Overview
Understand what effect-auth provides and how its layers fit together.
effect-auth is a composable, Effect-native authentication toolkit for TypeScript. It provides typed authentication flows, HTTP operations, and runtime services without requiring every application to adopt the same routes or architecture.
Alpha: effect-auth is under active development. APIs, schemas, and migrations may change between releases. Pin versions, review release notes, and test upgrades before using them in production.
One toolkit, three integration levels
Choose the highest level that fits each endpoint. You can mix levels in one application and move lower only where you need more control.

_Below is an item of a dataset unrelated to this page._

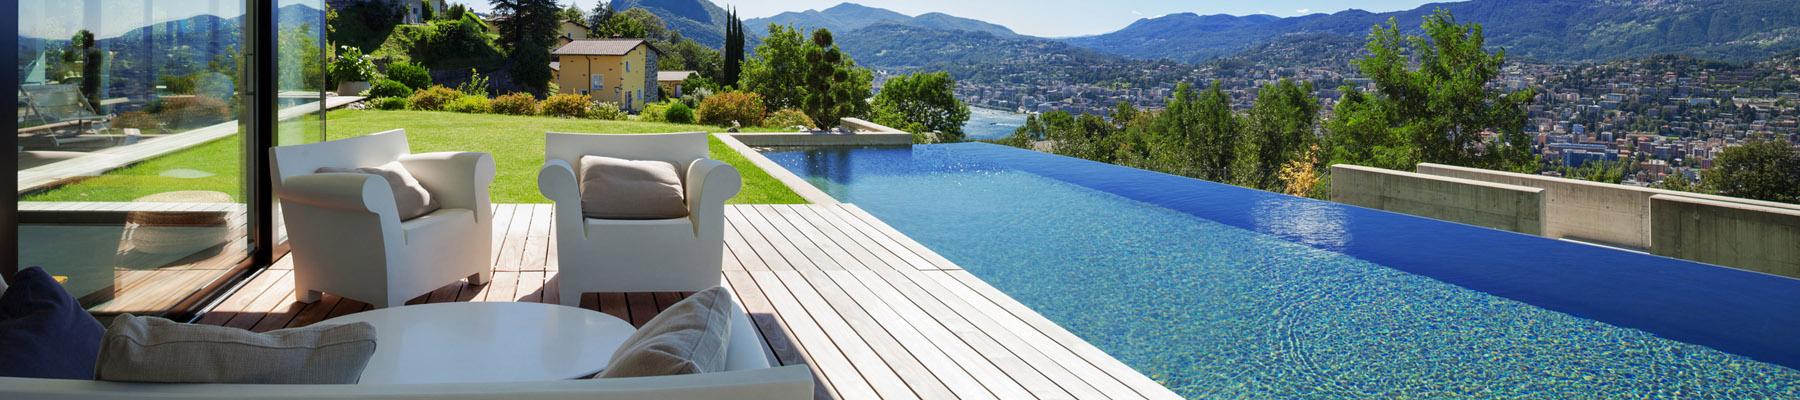 Bild von Urlaub mit Pool

more convenience more control
Presets ─────────▶ HTTP Operations ─────────▶ Primitives
ready contract your routes your workflow| Level | Best when | Your application owns |
|---|---|---|
| Presets | The built-in /auth/* contract fits | Configuration, dependencies, and deployment |
| HTTP Operations | You need custom routes, schemas, or middleware | The public HTTP boundary and client contract |
| Primitives | Authentication belongs inside a custom domain workflow | Orchestration, transport, security policy, and error mapping |
Read Architecture for the boundaries and tradeoffs.
The shortest path
The primary quick-start deploys the complete preset to Cloudflare Workers with Alchemy v2. It provisions D1 for durable auth state, a Send Email binding for email flows, and a Durable Object for rate limiting.

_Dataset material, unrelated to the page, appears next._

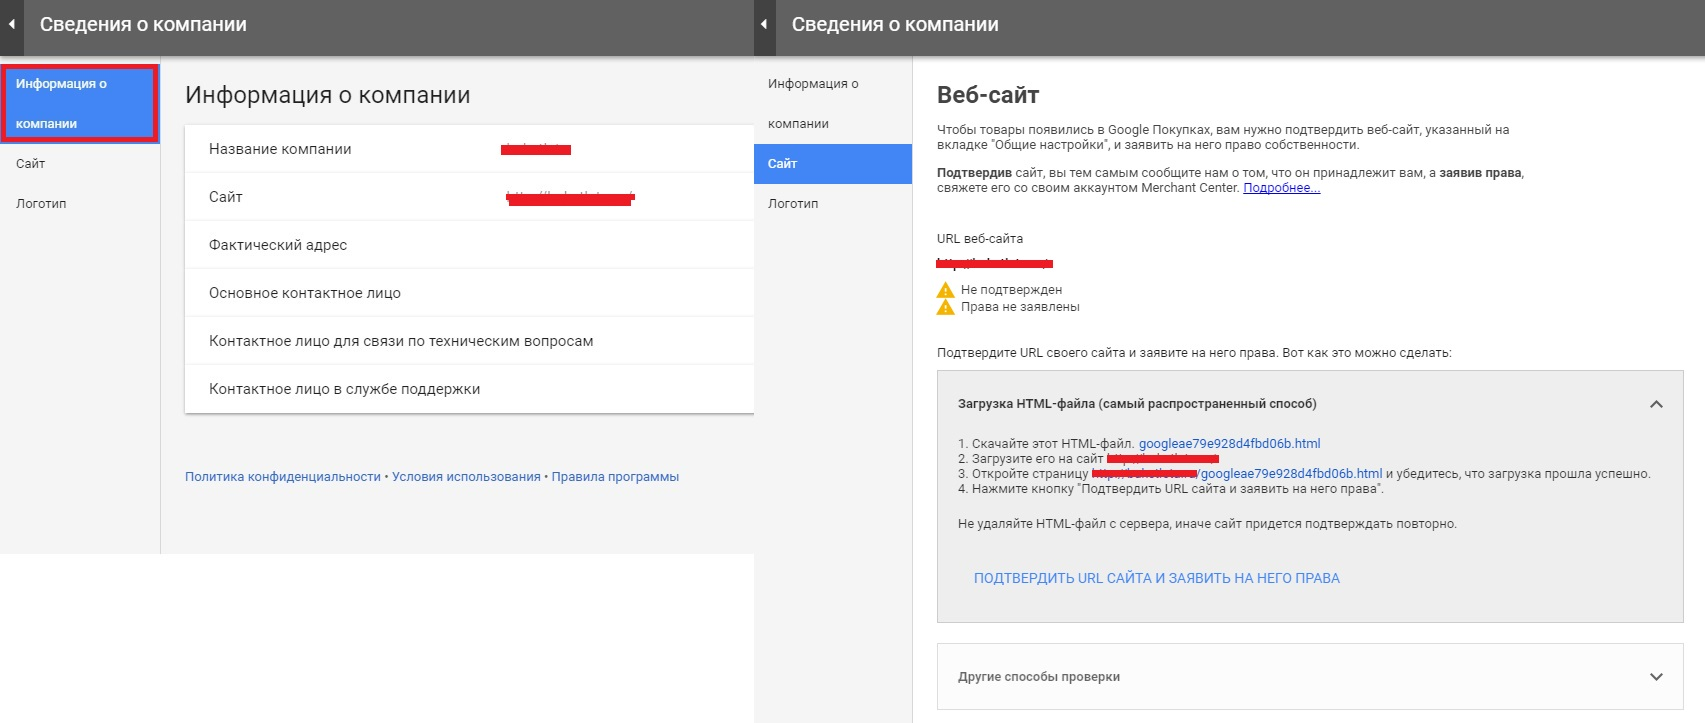 """Вкладка """"Сведения о компании"""" в Google Merchant Center"""

browser → Cloudflare Worker → effect-auth → D1
├────────→ Send Email
└────────→ rate limiterStart with Installation, then follow the Quick Start. The guide gives you a working baseline before you customize contracts or flows.
What you can assemble
| Category | Included building blocks |
|---|---|
| Sign-in | Password, email OTP, magic links, passkeys, and OAuth composition |
| Account security | TOTP, recovery codes, MFA, step-up, verification, and recovery |
| Sessions and access | Cookie sessions, session management, guards, API keys, and token recipes |
| Runtime capabilities | Storage contracts, cryptography, mail delivery, rate limiting, and typed errors |
Begin with Authentication for feature guides. Use Recipes for focused additions such as protecting endpoints, adding passkeys, issuing tokens, or splitting workers.
Database first
Authentication depends on durable security state: users, credentials, sessions, challenges, passkeys, recovery codes, and revocations. Choose the database and migration strategy early, not after designing the UI.
The maintained adapter targets SQLite, including Cloudflare D1. Other databases require implementations of the public store contracts with equivalent transactional and concurrency behavior. Your application owns migrations, backups, retention, and recovery. See Storage before selecting a deployment shape.
Where should I start?
| Your situation | Start here |
|---|---|
| New Cloudflare project; the standard contract works | Quick Start |
| Existing project; you need packages and compatibility guidance | Installation |
| Unsure whether to use presets, operations, or primitives | Architecture |
| Choosing sign-in or MFA features | Authentication |
| Choosing D1, SQLite, or a custom adapter | Storage |
| Adding one focused capability to an existing integration | Recipes |
| Preparing a real deployment | Production |
For most first integrations: use the Cloudflare preset path, prove the full flow, then customize only the boundaries your product actually needs.